The PC industry needs to evolve or get ready for extinction

With sales in freefall, there's a great deal of concern about the future of the PC. But unless PC makers are willing to innovate then it's likely that the technology will face extinction over the next decade.
Written by Adrian Kingsley-Hughes, Senior Contributing Editor
The PC industry needs to evolve or face extinction

(Image: file photo)

PC sales are in freefall, and unless PC makers are willing to start innovating, the problem is going to get a whole lot worse.

Rather than bore you with paragraphs of history and analysis, here, in a nutshell, are the problems facing the PC industry:

  • PCs are lasting a long time (and as SSDs replace hard drives, their lifespans are only going to get longer)
  • New releases of Windows aren't driving sales anymore
  • Smartphones and tablets are getting faster and more capable with each passing iteration
  • Smartphones and tablets have taken over many of the tasks that PCs used to do
  • People are finding they can live without a PC (some 20 percent of millennials don't have a PC at all)

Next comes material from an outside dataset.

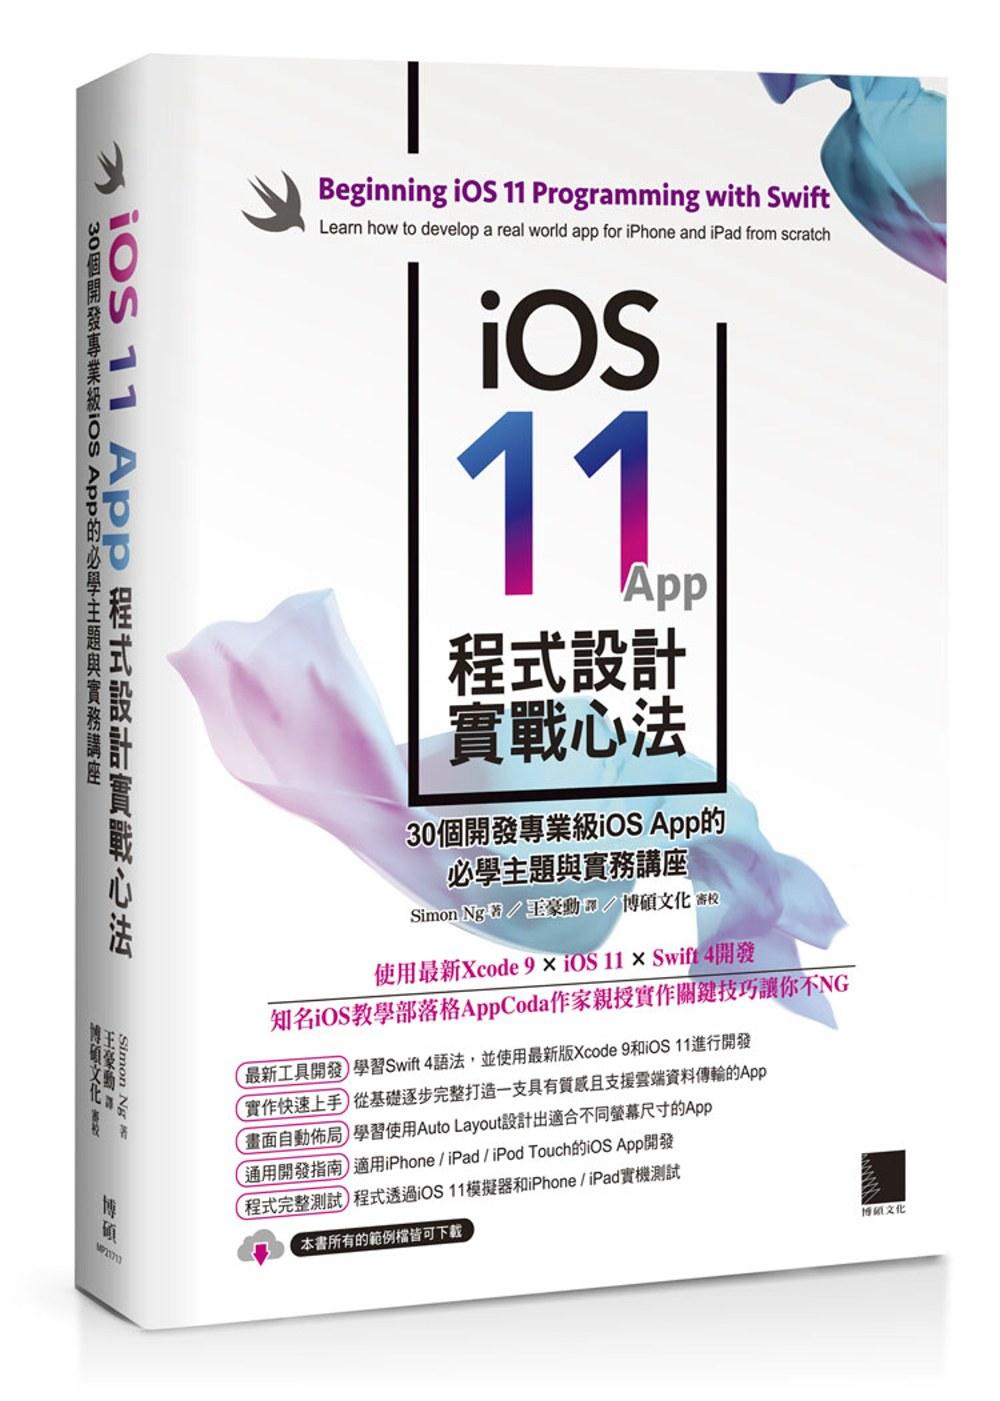 《iOS 11 App程式設計實戰心法:30個開發專業級iOS App的必學主題與實務講座》 商品條碼,ISBN:9789864342716
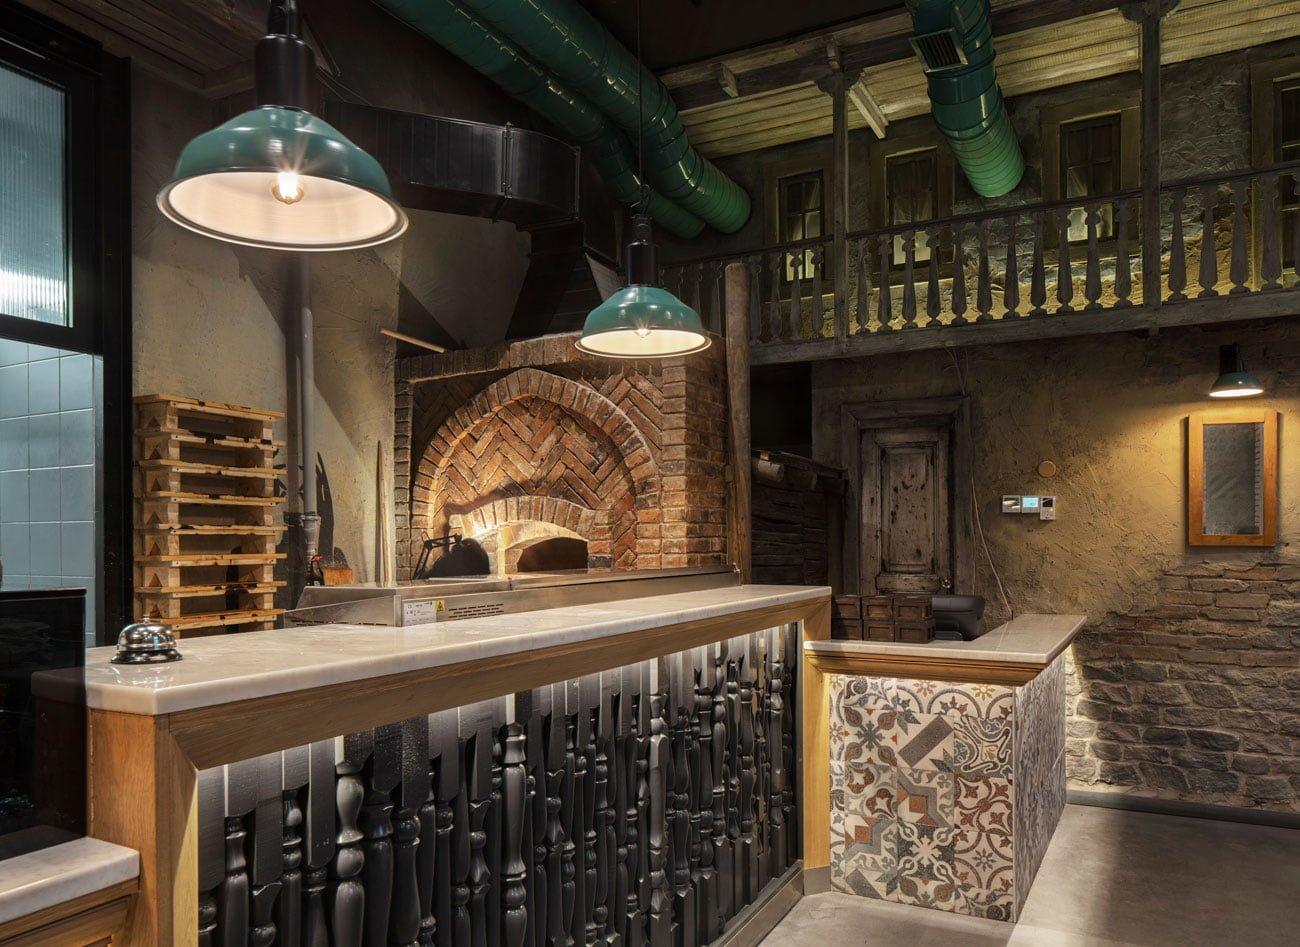 фотография большой каменной печи, аутентичный дизайн интерьера ресторана Ктур

For an industry that's clearly in trouble, I'm not seeing much innovation coming out of the PC OEMs. Sure, there's some form factor tinkering going on, but those of you paying attention will already know this is nothing new.

Remember the netbook? Or the home theater PC? They didn't save the PC, and neither will shiny new all-in-one or 2-in-1 systems that OEMs are banking peddling today.

No matter how much OEMs fiddle with the form factor, none of this changes the fact that at the end of the day it's still just a PC, and it's going to be doing PC things.

Add to this the fact that these form factor tweaks aren't solving problems or being developed in response to what consumers want, they're just a good-looking gimmick.

So what do PC makers need to do?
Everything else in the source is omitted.